The National Society of Film Critics announced its awards for 2011 over the weekend. Melancholia won Best Picture, with star Kirsten Dunst coming away Best Actress. Brad Pitt won Best Actor for his performance in Moneyball, while Best Director went to Terrence Malick for The Tree of Life. Berlinale has added ten new world premiers to its Competition, including new films by Christian Petzold, Miguel Gomes, Ursula Meier, and Billy Bob Thornton. Meanwhile, the International Film Festival Rotterdam, which opens January 25, has announced an expanded version of Regained, a section dedicated to “the cinematic past.” Among the many highlights of this year’s program: French impresario Serge Bromberg will make one of his signature archival presentations as part of a broader tribute to George Méliès; a selection of films by Austrian avant-garde filmmaker and theorist Peter Kubelka; and a pair by the recently departed auteur Raúl Ruiz.

Peter Knegt reports that Tomas Alfredson’s Tinker Tailor Soldier Spy continues to be the big draw for specialty box office, while Nuri Bilge Ceylan’s Once Upon a Time in Anatolia opened strong at New York’s Film Forum in spite of its 157-minute running time.
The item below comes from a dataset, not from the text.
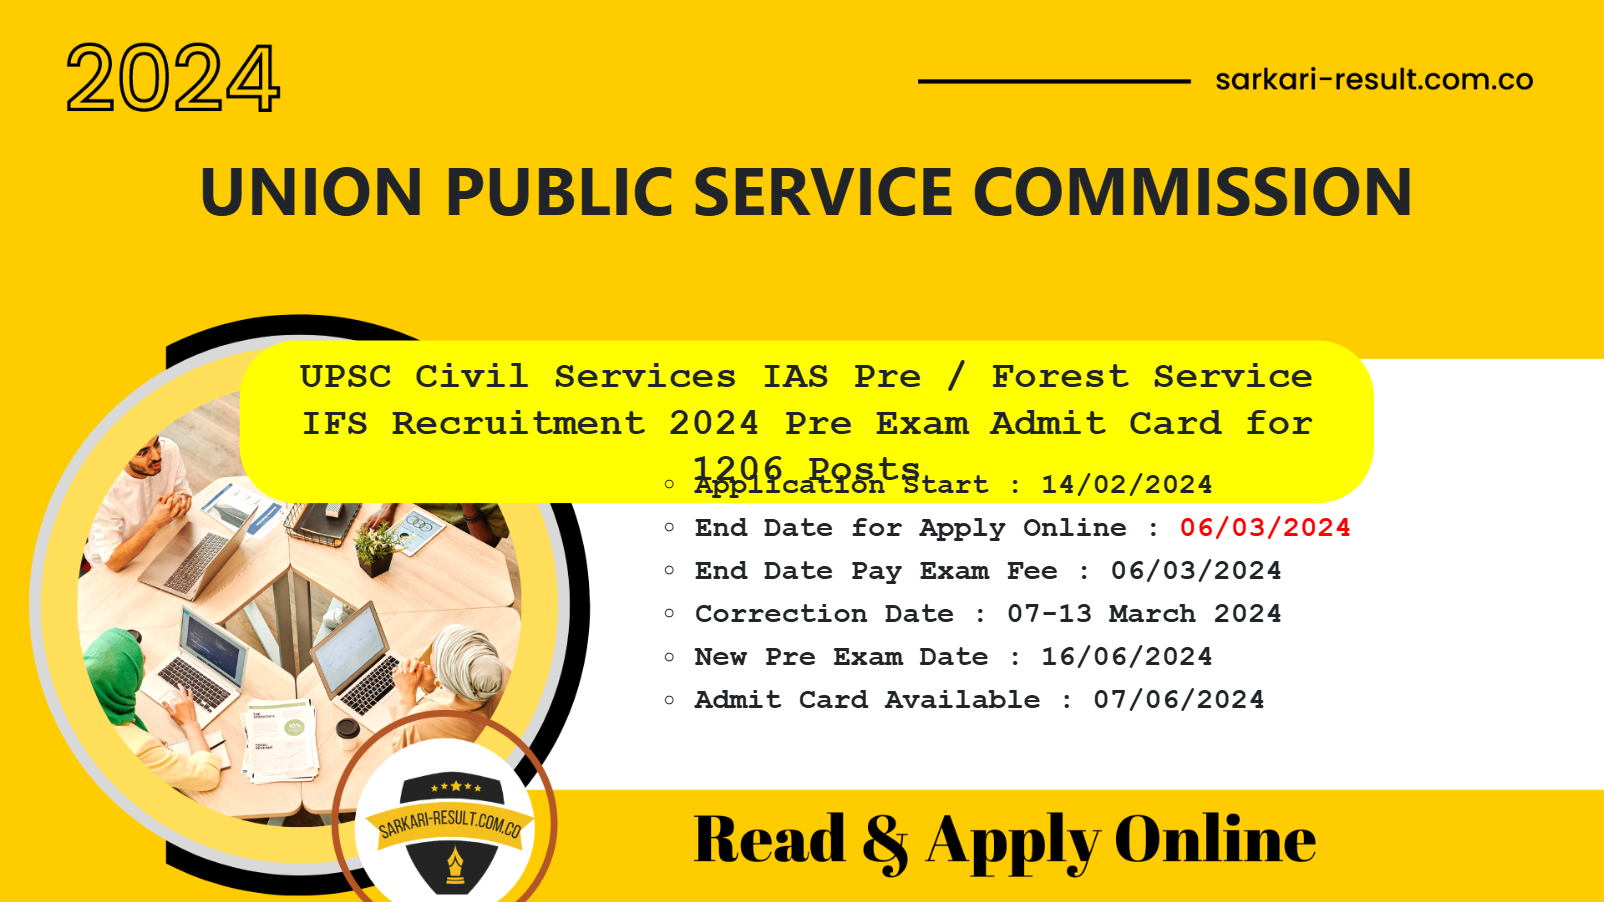 UPSC Civil Services IAS IFS Pre Exam Admit Card 2024

The Turkish film has split critics. One strongly in favor is J. Hoberman, who writes it’s “already a favorite for the New Year’s best movie” in one of his final regular reviews for the Village Voice. But where Hoberman sees a police procedural that’s “at once sensuous and cerebral, profane and metaphysical, “empty” and abundant,” Time Out New York’s David Fear sees the same plot “paced somewhere between lazy-Sunday contemplativeness and leisurely dripping tree sap.”